As noted above, one of the drawbacks of the known lithium-ton batteries is the volumetric expansion of the anodes, which, as a rule, is the result of supersaturation of the anode with lithium or, in other words, overcharging of the battery. The presence of gaps between the silicene layers in the anode of the claimed unit cell makes it possible to simultaneously increase the number of discharge / charge cycles of the battery, to exclude the volume expansion of the anode of the unit cell, unit cell and a lithium-ion battery collected from such unit cells even in the case of multiple recharging of the battery.

From the above, it follows that the use of the declared elementary cells in the manufacture of a lithium-ion battery can reduce the mass and size of the battery, reduce the consumption of materials for the production of the battery while increasing its specific capacity.

Despite the peculiarities of the anode design, in the manufacture of a unit cell of a lithium-ion battery and the battery as a whole, known compositions of solid electrolytes and other known structural materials can be used, which ensures that the operating temperature range of the battery is maintained from -50 to 100 ° C.

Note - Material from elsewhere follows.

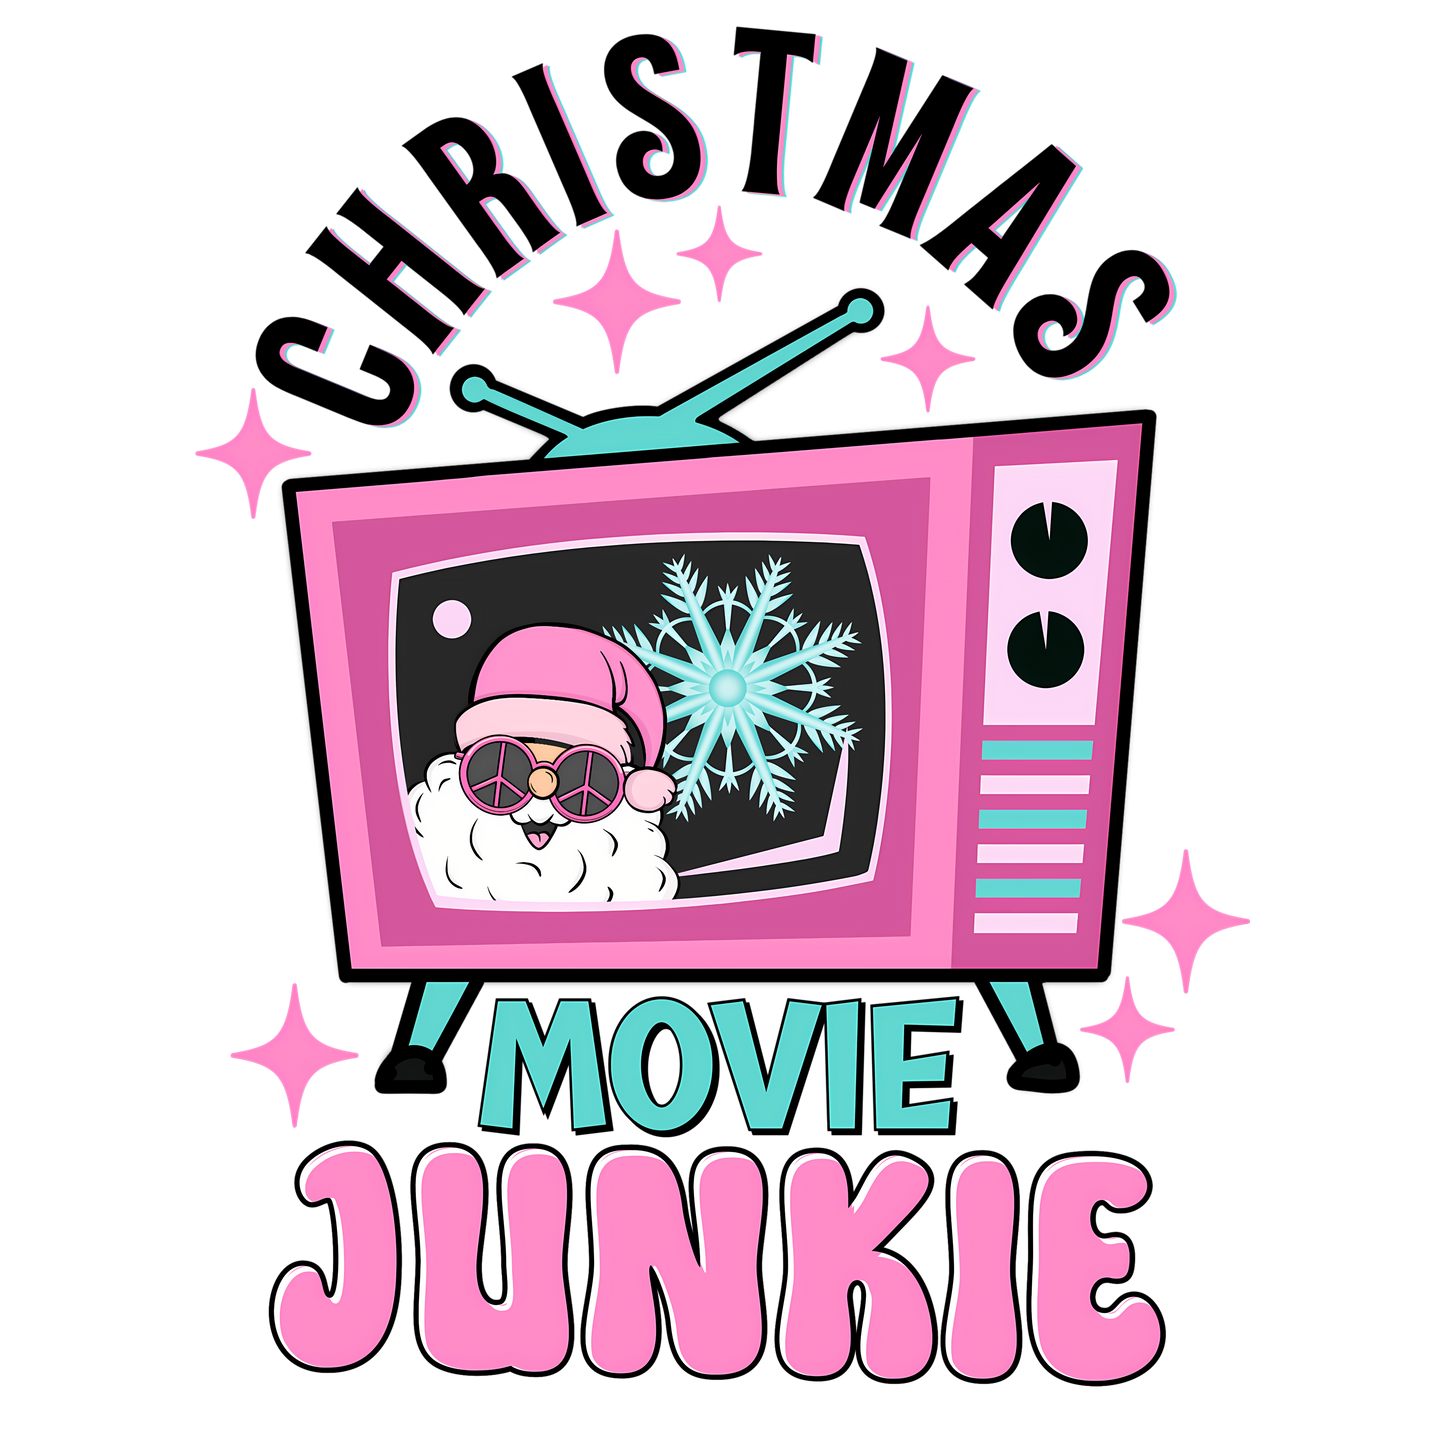 "Christmas Movie Junkie" Transfer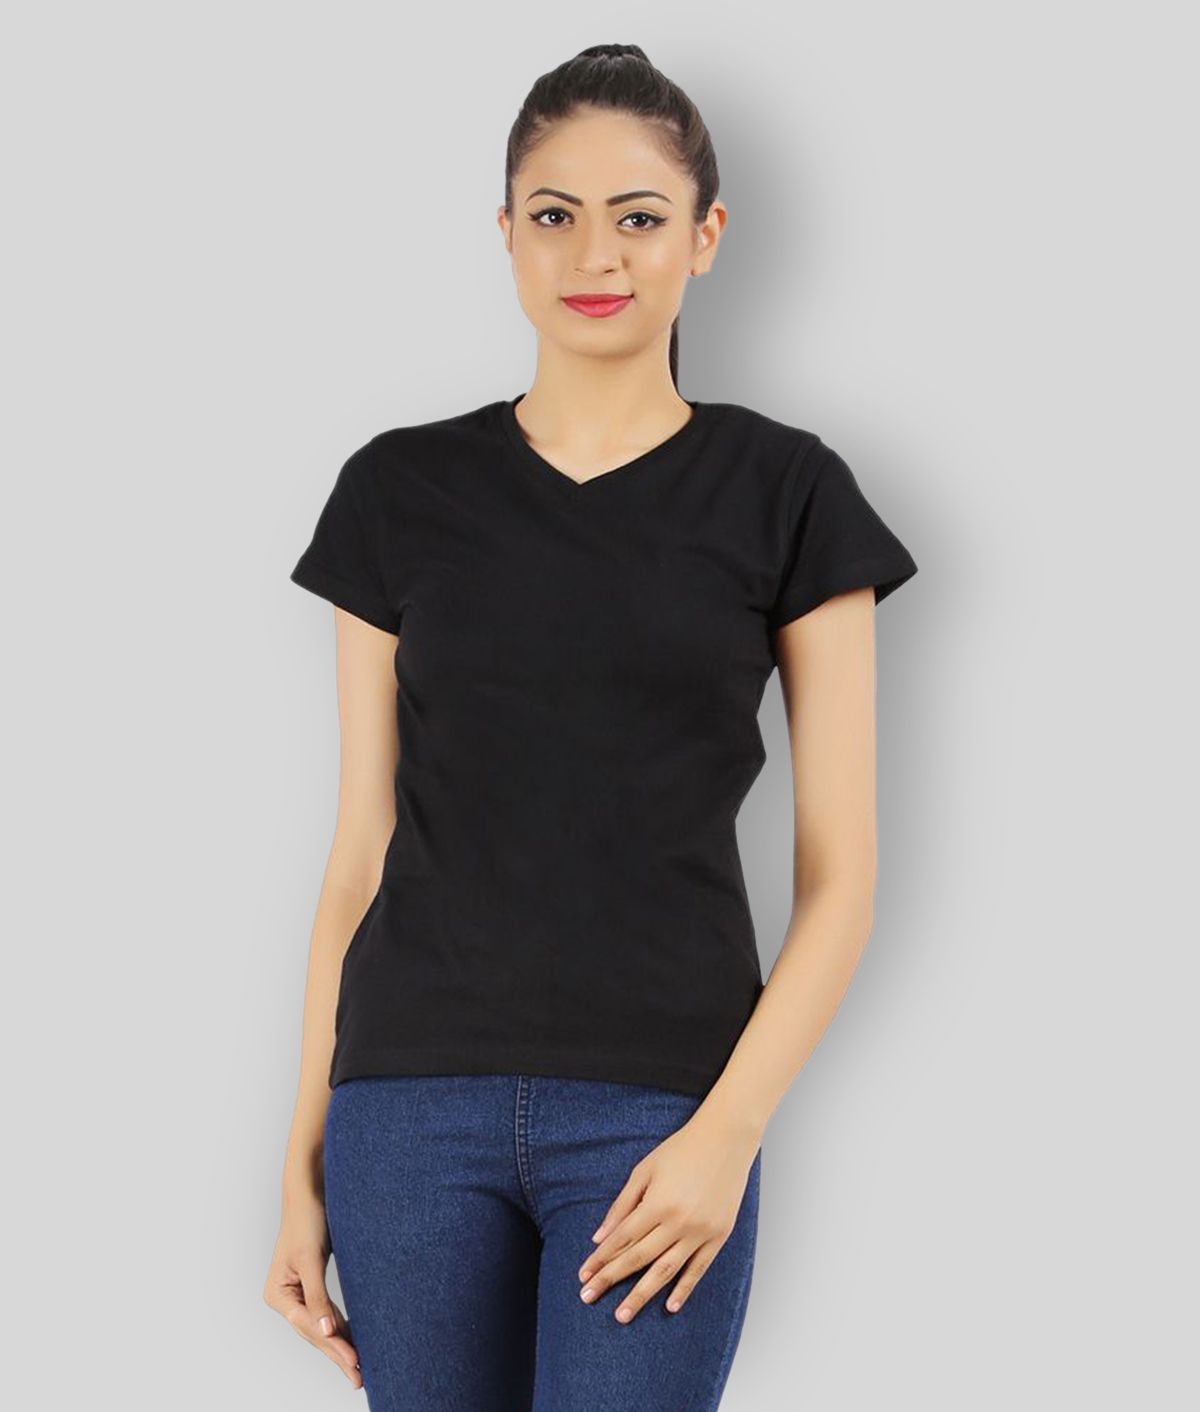 Ap'pulse - Black Cotton Regular Fit Women's T-Shirt ( Pack of 1 )

The essence of the proposed technical solution is illustrated by the following materials, which shows:

- in the Table - the results of model and experimental tests of lithium-ion batteries using different silicon-based anodes;

- in Fig. 1 is a schematic diagram of a unit cell of a lithium-ion battery with a silicene anode;

- in Fig. 2 is a diagram of the arrangement of layers in a multilayer silicene anode.

To understand the essence of the group of inventions in Fig. 1 shows a variant of the basic diagram of a unit cell for a lithium-ion battery with a conventional image of an external electrical circuit. Anode 1 contains a current collector 2 (a thin metal film, for example, copper), a thin silicon film 3, and two sheets of silicene 4, one of which is located on a graphite substrate 5. In view of the close values of the density of graphite and silicon, the main factor affecting the specific capacitance of the electrode , there will be a significantly higher adsorption capacity of silicene for lithium. Therefore, the graphite substrate should be as thin as possible. The top silicene sheet does not have a graphite backing, which allows both sides of this sheet to be used with the lithium-ion battery.

A lithium-ion battery can be made by connecting such unit cells. It is more advantageous to connect mirror elements (relative to a plane parallel to the silicene plane). In this case, in principle, for two sheets of silicene (no support), each of the surfaces can be used to adsorb lithium.

Silicene sheets can be separated by a gap with an optimal size of 0.24-0.75 nm, which allows lithium ions to move most efficiently in the silicene channel. On the left, silicene sheets rest on a film of silicon deposited on a metal foil. Cathode 6 is in direct contact only with solid electrolyte 7. When the battery is charged, lithium ions from the solid electrolyte move into the gaps between the silicene layers, uniformly filling them, and during discharge, back into the solid electrolyte and partially to the cathode.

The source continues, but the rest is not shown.